● **What is needed**: Write out again the lines from the line with "W dolnej części" up to and including the line with "Power conversion control apparatus", exactly as they stand below, and skip any picture.

··· Records supplied

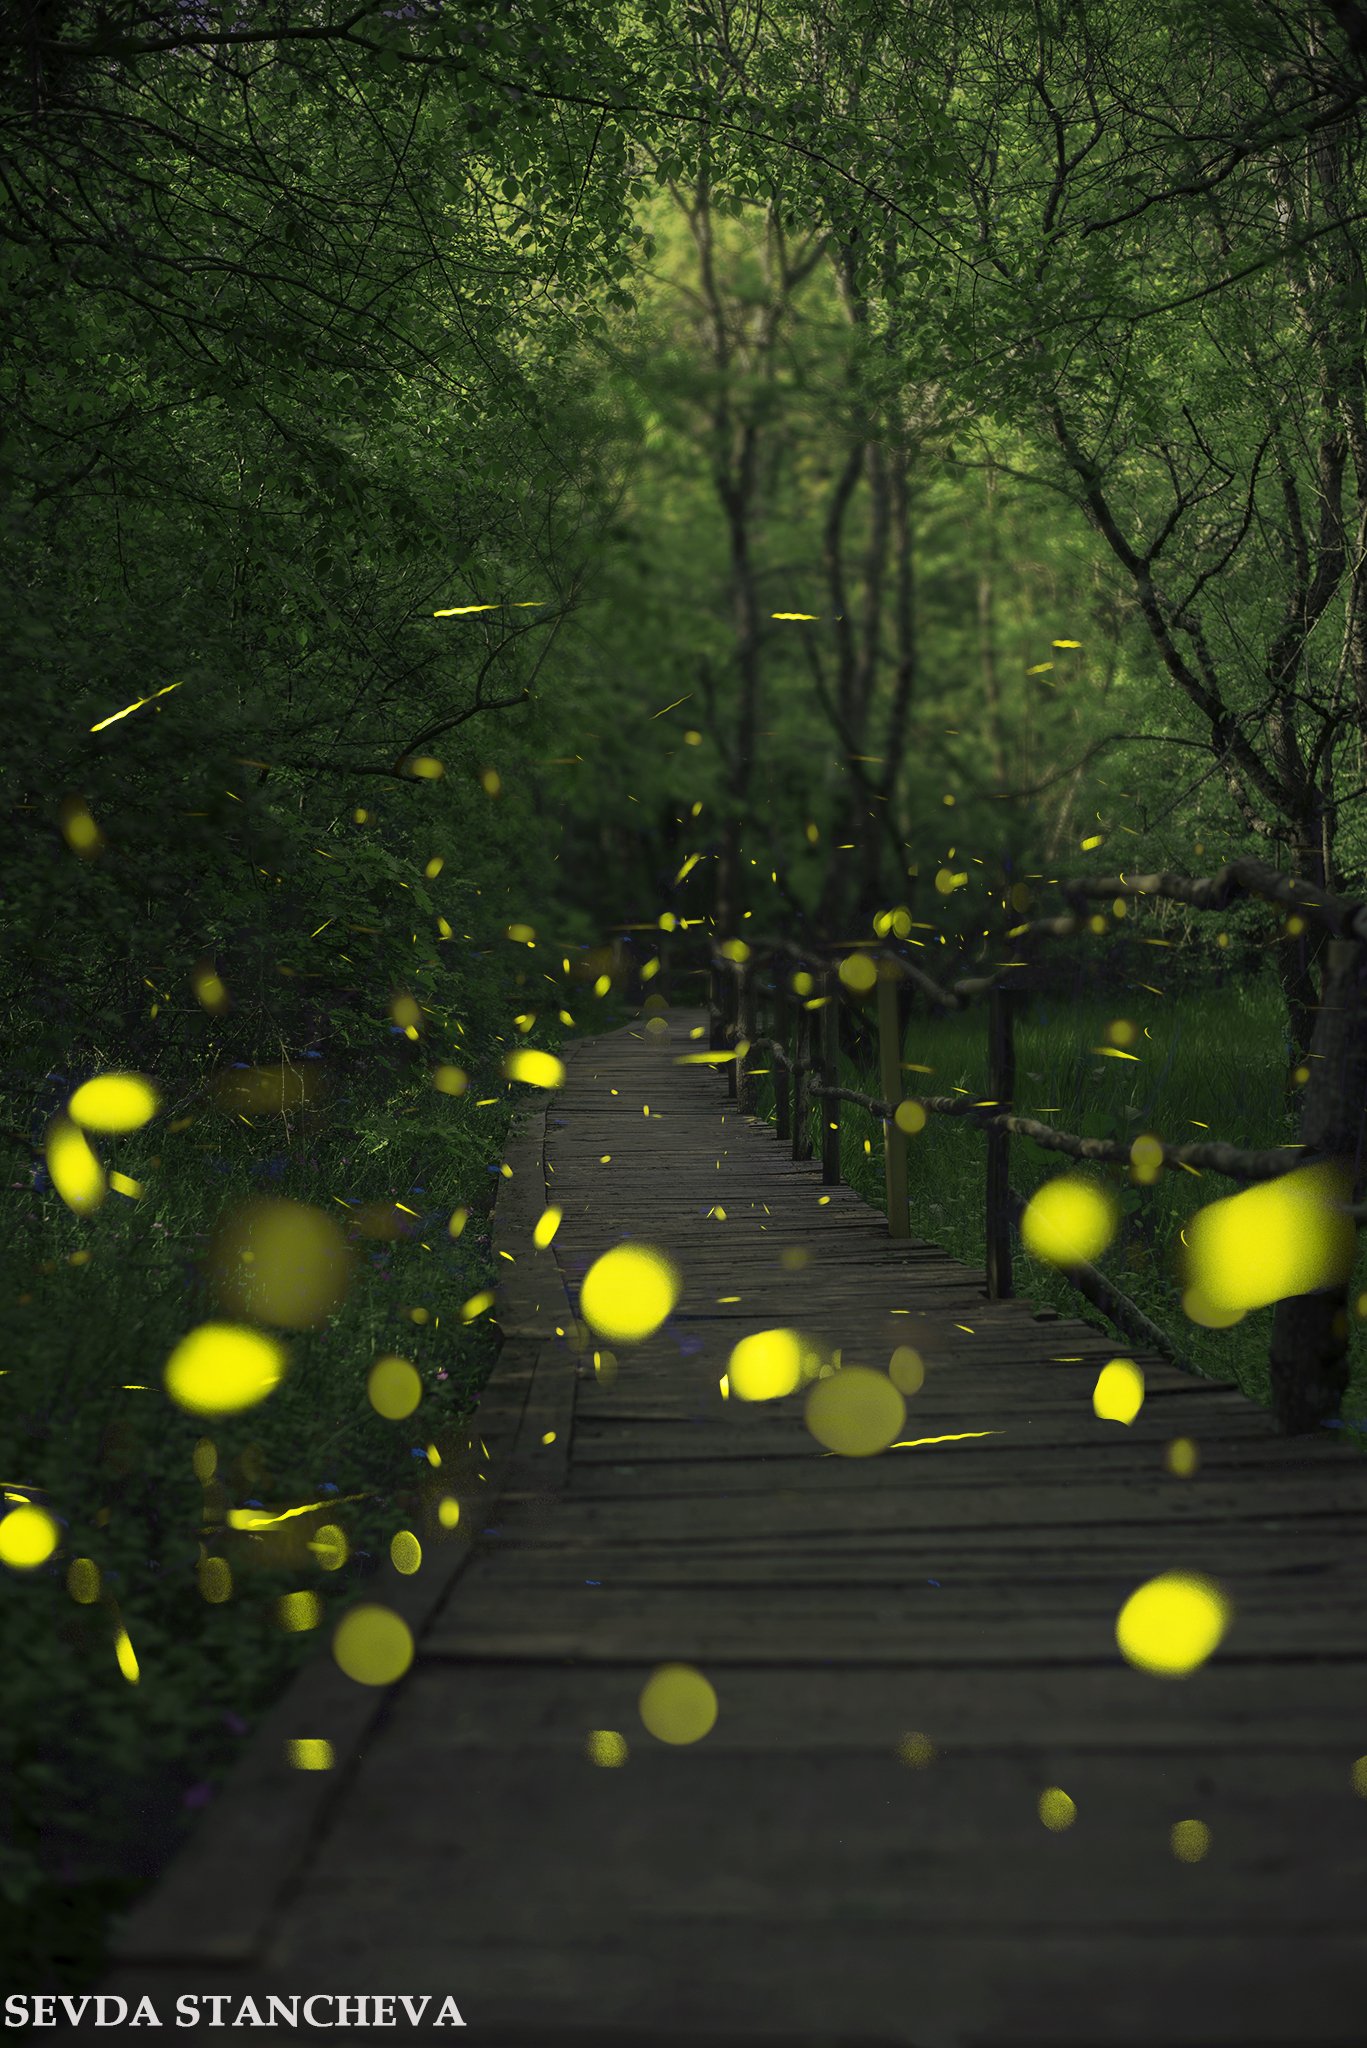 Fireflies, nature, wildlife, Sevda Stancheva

······
··· Records supplied

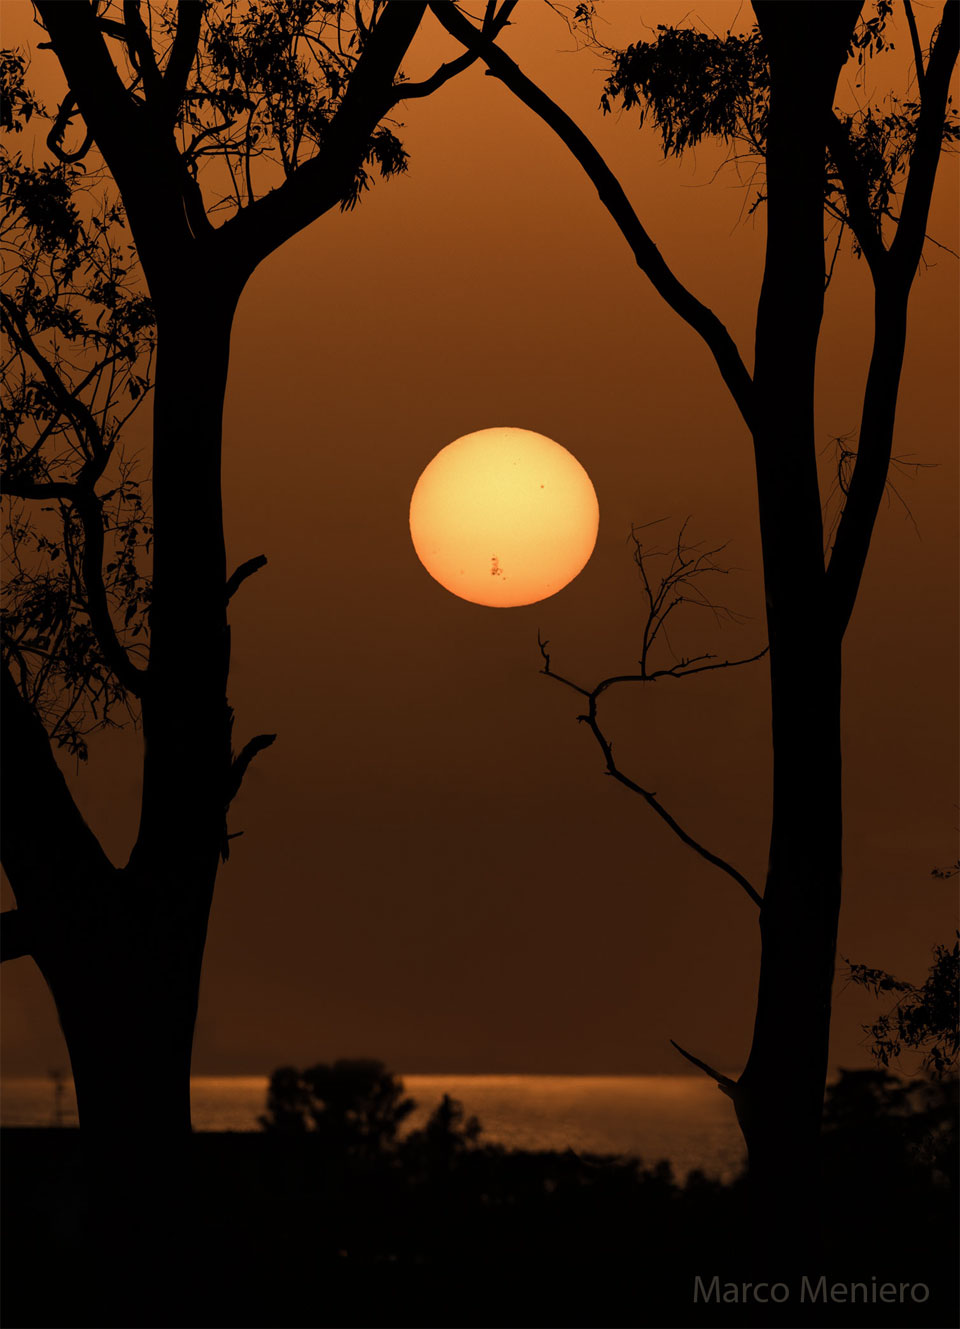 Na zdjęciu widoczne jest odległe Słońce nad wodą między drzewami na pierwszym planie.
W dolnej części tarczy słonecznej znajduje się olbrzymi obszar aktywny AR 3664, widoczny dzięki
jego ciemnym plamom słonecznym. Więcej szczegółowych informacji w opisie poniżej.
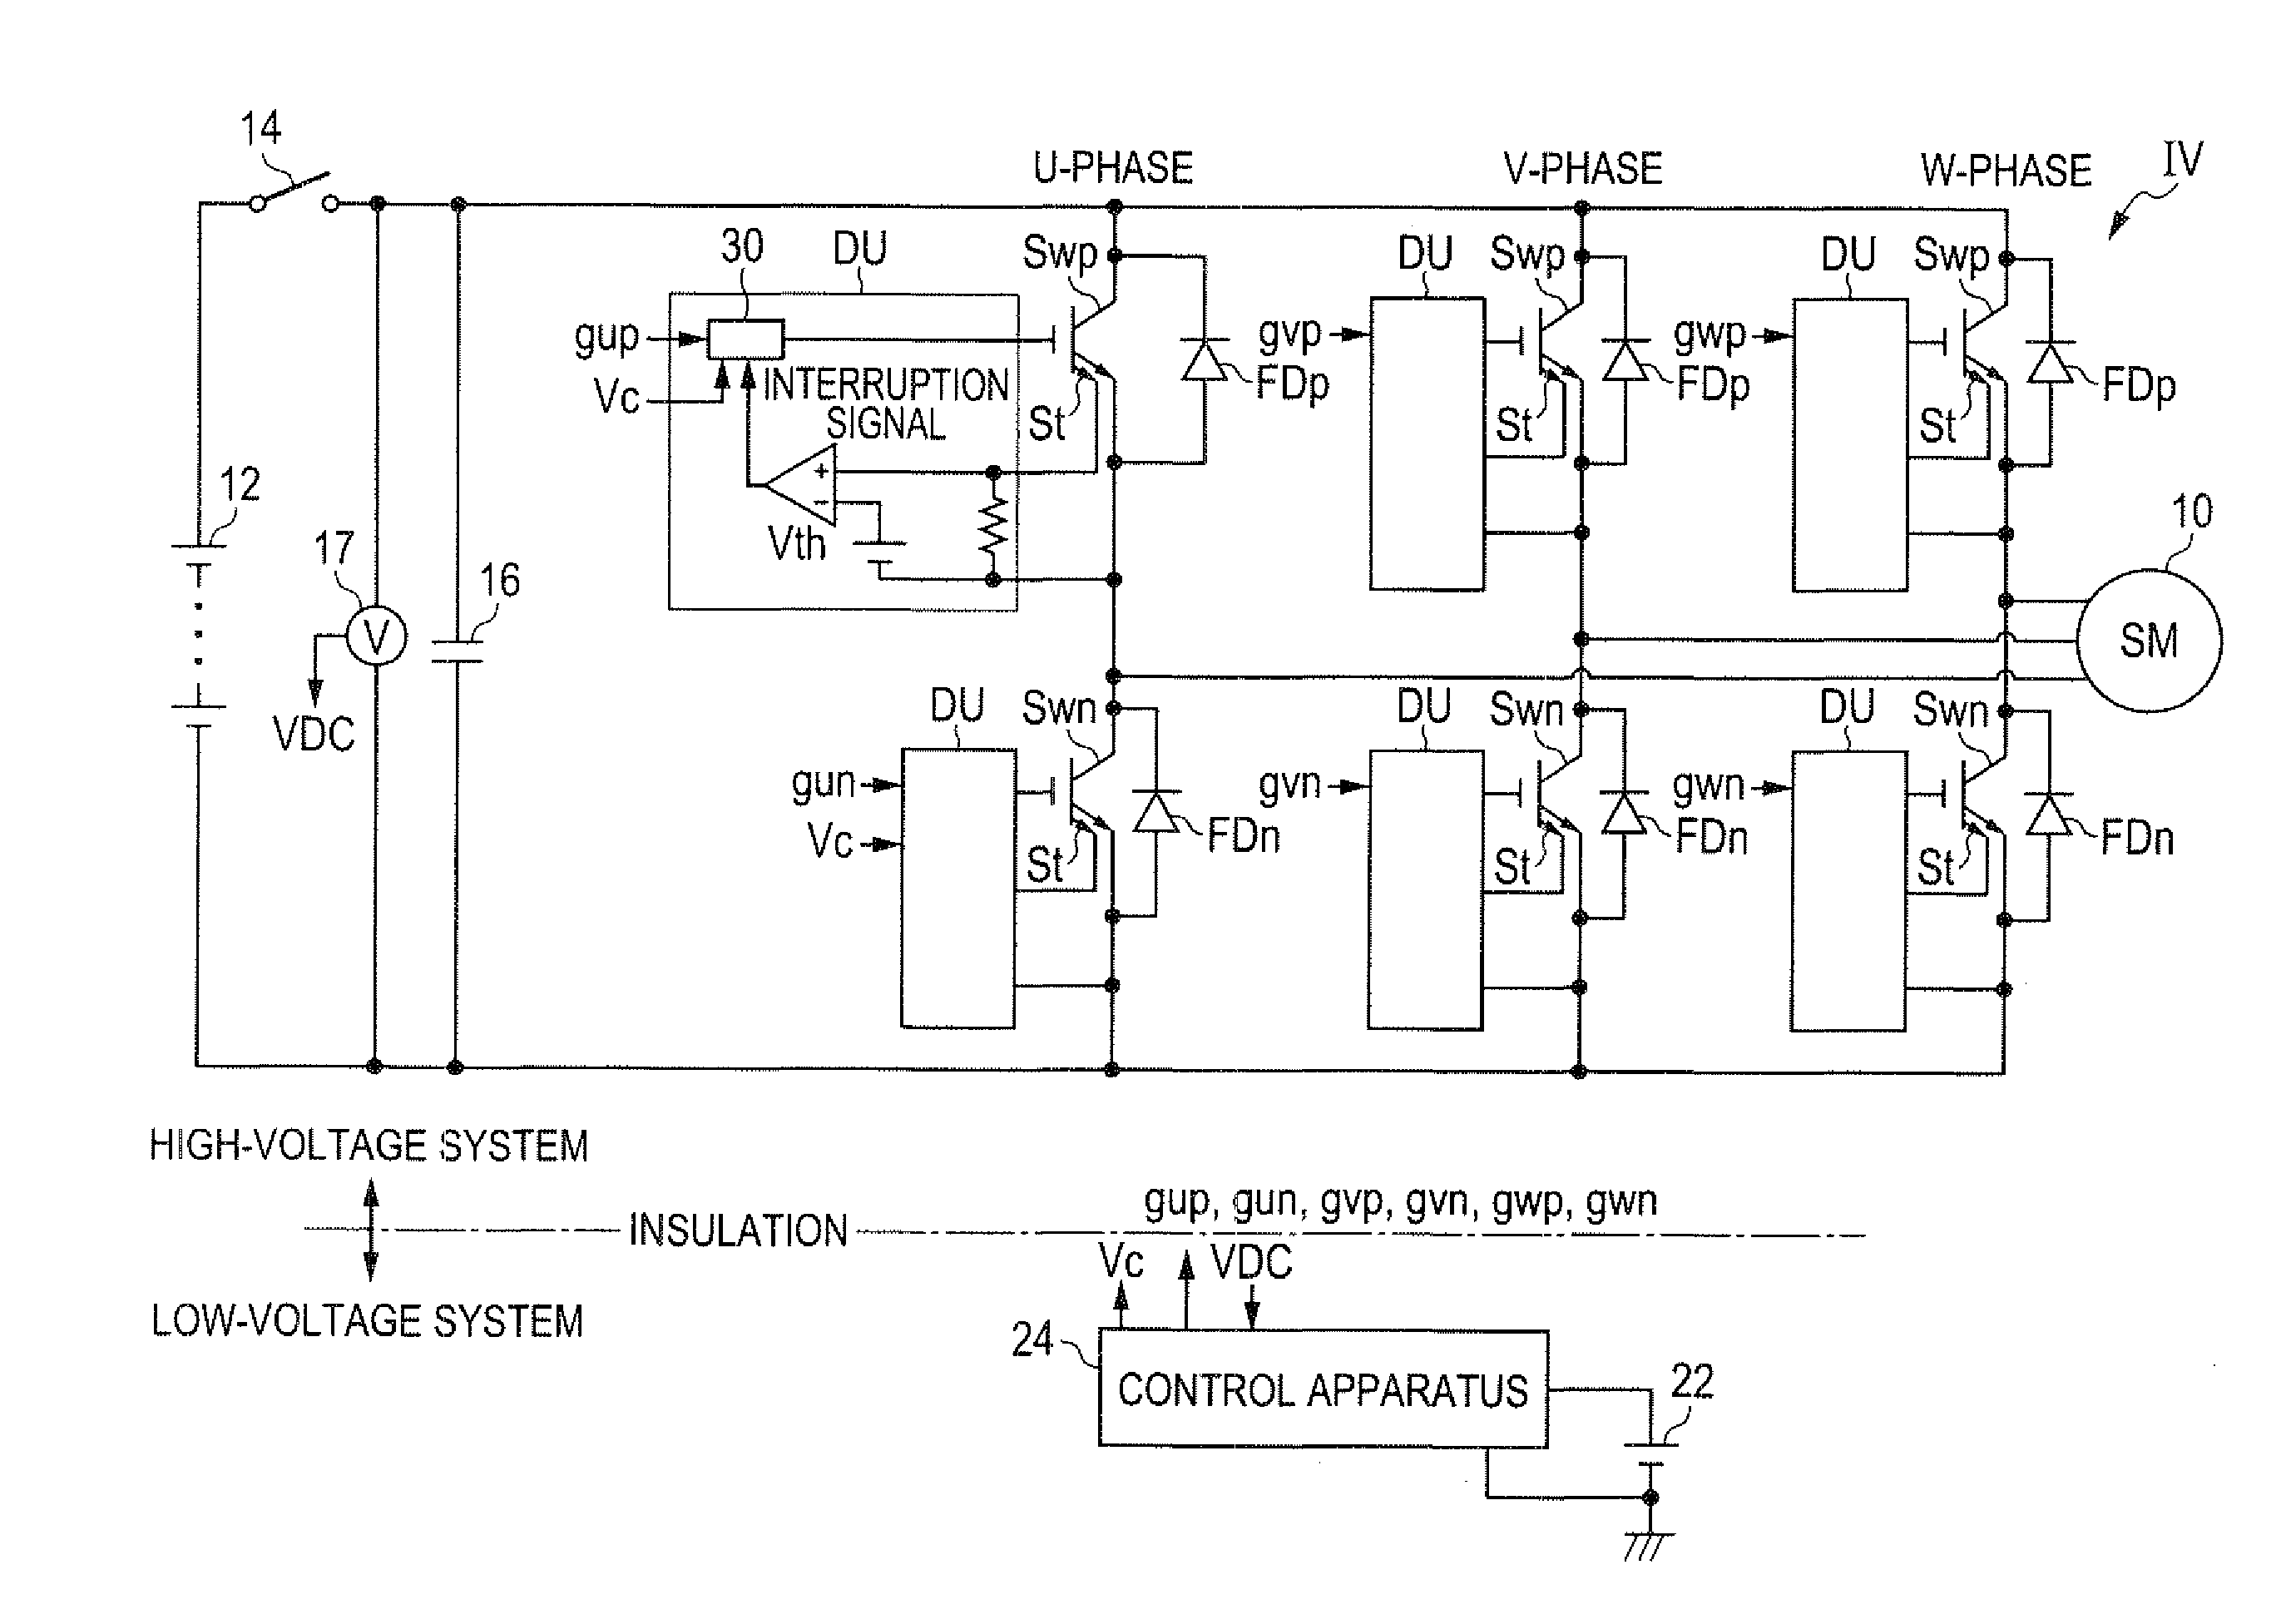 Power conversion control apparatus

······
··· Records supplied

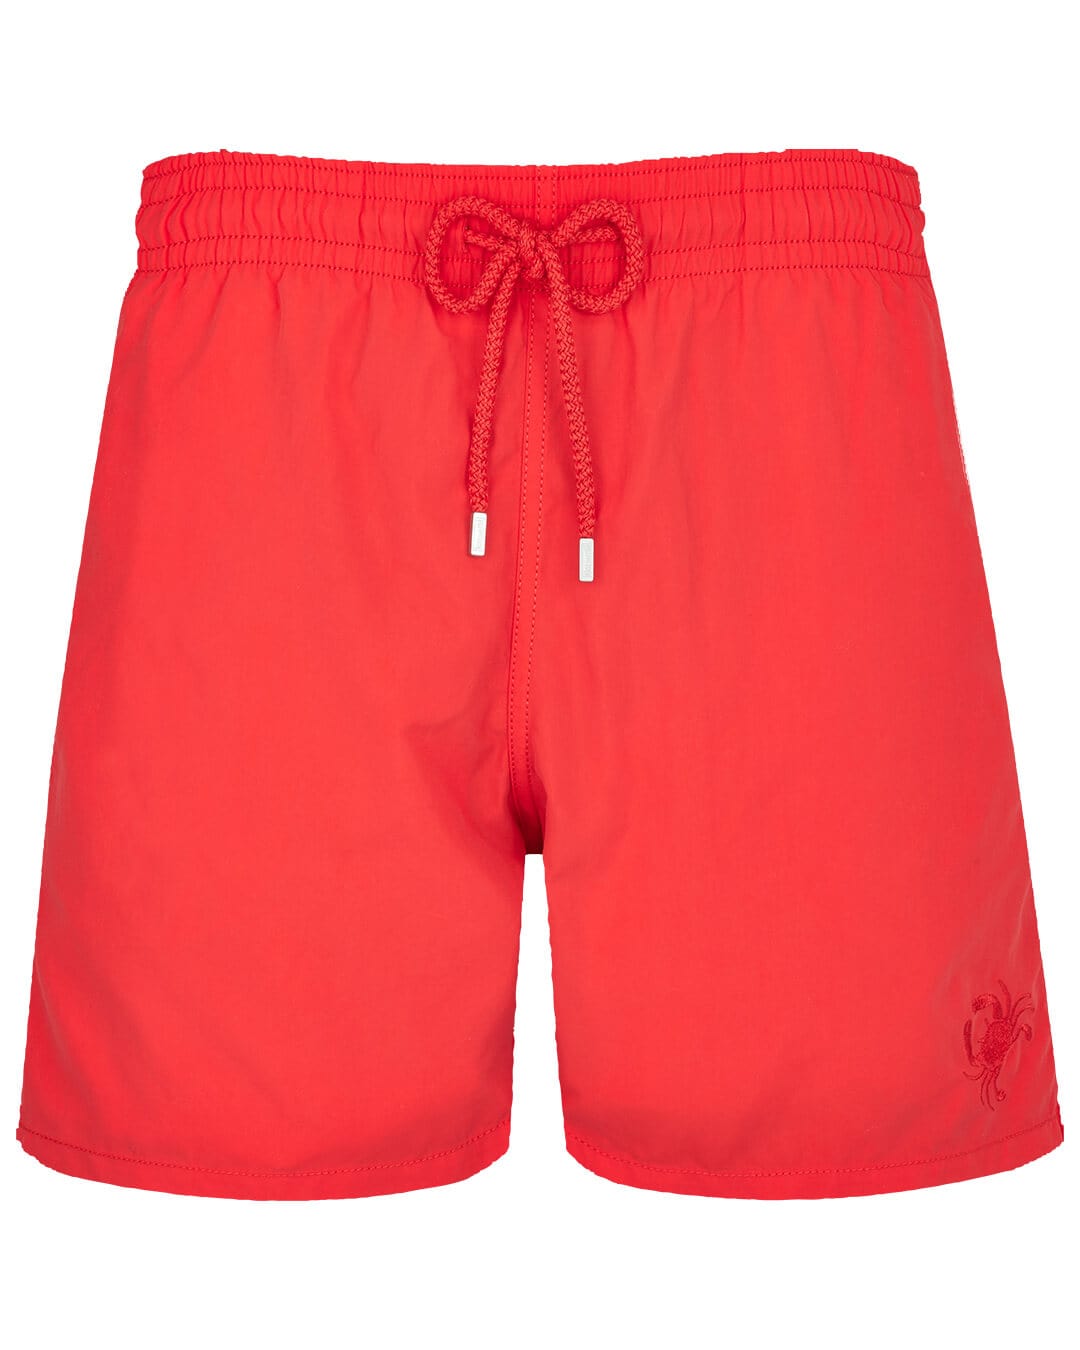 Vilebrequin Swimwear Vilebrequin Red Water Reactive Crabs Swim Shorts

······

● **Solution for this exercise**:
W dolnej części tarczy słonecznej znajduje się olbrzymi obszar aktywny AR 3664, widoczny dzięki
jego ciemnym plamom słonecznym. Więcej szczegółowych informacji w opisie poniżej.
 Power conversion control apparatus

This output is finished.